Le sommaire fort copieux de ce troisième numé­ro comprend l'analyse d'un spectacle, Les Olym­piques et après, par Gilbert David, et la deuxiè­me partie d'une enquête de Gérald Sigouin sur l'histoire du théâtre Euh, l'une de ces jeunes troupes dont <• les orientations et les mutations »

sont exemplaires des tendances du théâtre qué­bécois actuel.

À cela s'ajoutent deux entrevues, l'une avec Michel Garneau, et l'autre avec Jean-Pierre Ronfard. Le succès que connait, ces derniers temps, le dramaturge Michel Garneau donne un surcroît d'intérêt à sa théorie de l'écriture sur commande. Quant à Jean-Pierre Ronfard, met­teur en scène notamment des Oranges sont vertes, on aurait aimé connaître davantage son point de vue sur le théâtre de Gauvreau, ou encore sa conception d'un théâtre expérimental au Québec, à côté des expériences de groupes comme le théâtre Euh par exemple.

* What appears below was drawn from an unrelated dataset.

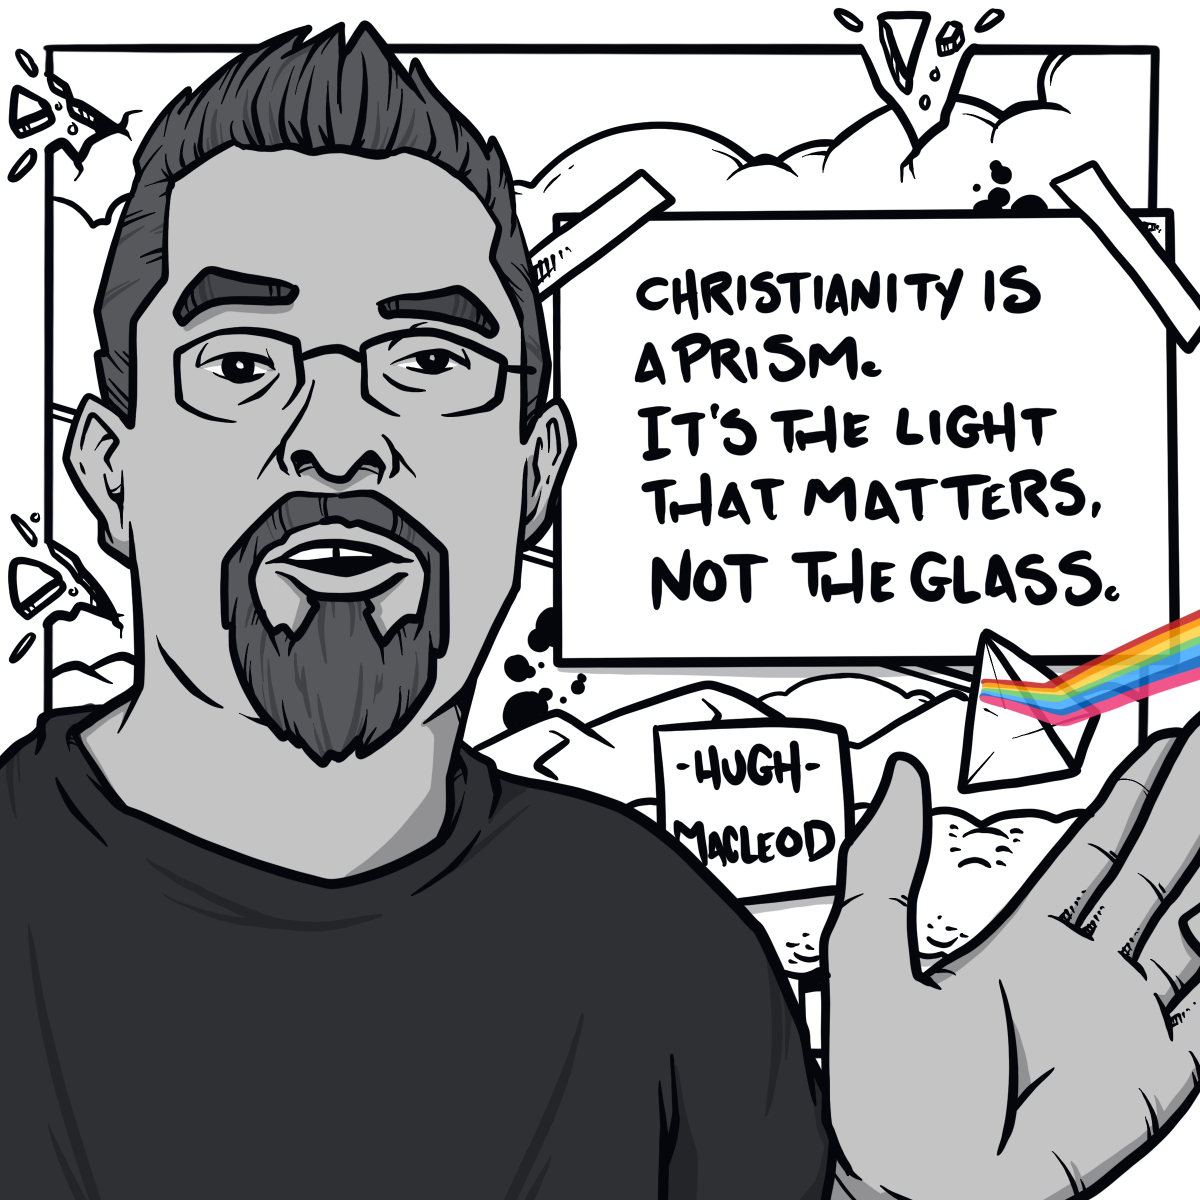 Christianity is a Prism
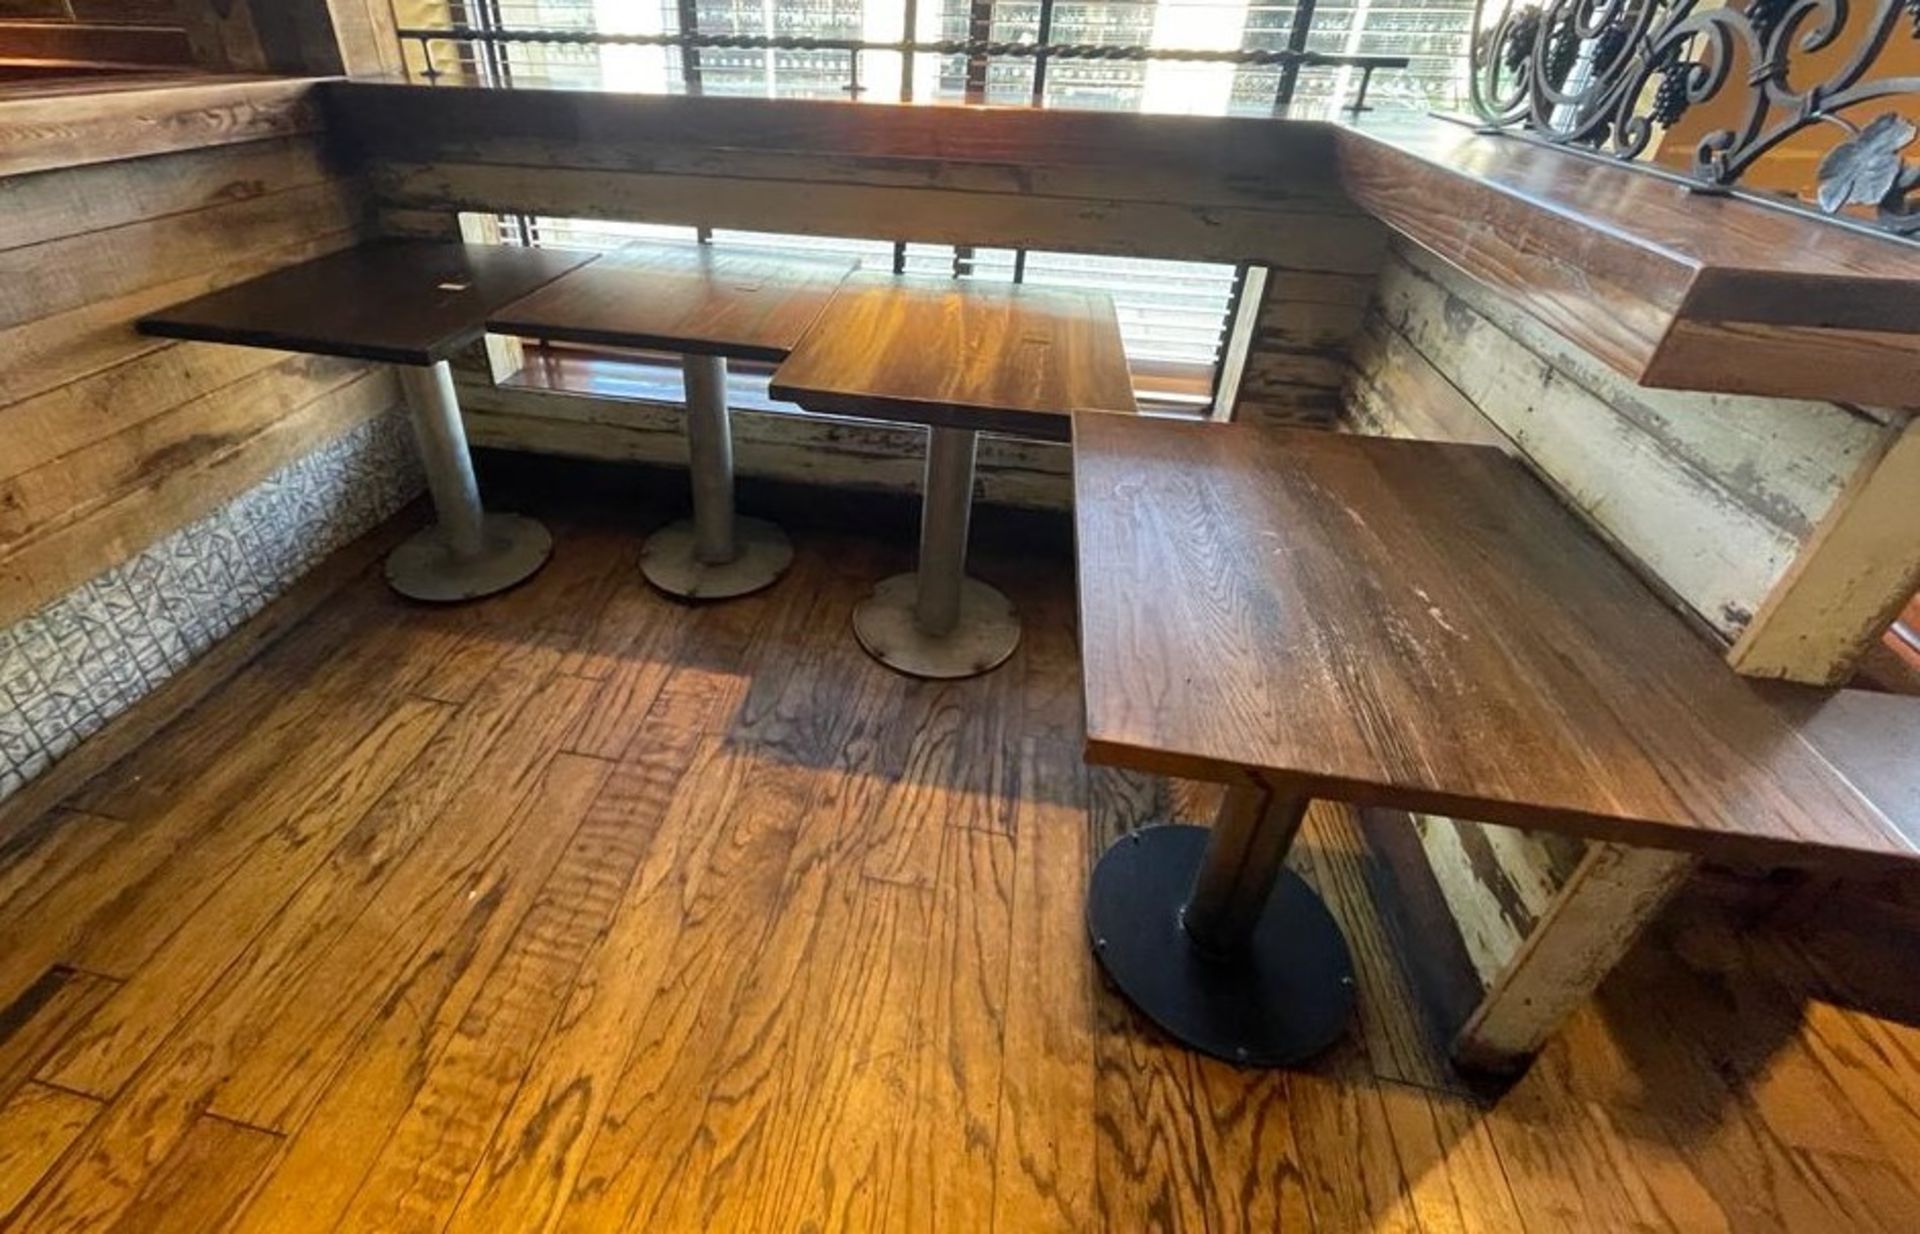 4 x Restaurant Dining Tables Featuring Industrial Style Bases and Wood Tops - Dimensions: H73 x - Image 4 of 9

Des chroniques sur des spectacles ou des comptes rendus de livres sur le théâtre ainsi que des renseignements divers font de ce numéro un ouvrage fort utile.

Ad multos annos à Jeu, à qui nous souhaitons que n'arrive point le sort qu'un des chroniqueurs fait, un peu prématurément, à Nord. (M. L.)

MANUEL

par mille chemins Germaine POULIOT, en coll. avec Monique POULIOT et Suzelle ROBERGE Les Éditions Projet, Montréal, 1976, 255 p.

Voilà plus de dix ans que la littérature québé­coise est sortie du ghetto où elle a longtemps été enfermée, mais les éditeurs de manuels scolai­res ne semblent pas s'en être rendu compte. Par un effet de l'ignorance ou de la routine, les écrivains québécois ne sont guère représentés dans les ouvrages utilisés à l'élémentaire.

Aussi faut-il saluer la nouveauté que constitue la publication de Par mille chemins. Dans ce livre de lecture, les élèves de 4e année pourront dé­couvrir leur réalité à travers de vieilles légendes indiennes ou racontée par Félix Leclerc, Gilles Vigneault, Yves Thériault, Félix-Antoine Sa­vard... L'initiative est très intéressante et devrait retenir l'attention des enfants autant que de leurs professeurs. Il faut noter enfin qu'un matériel d'exploitation très élaboré, publié séparément, accompagne ce recueil. (C.V.)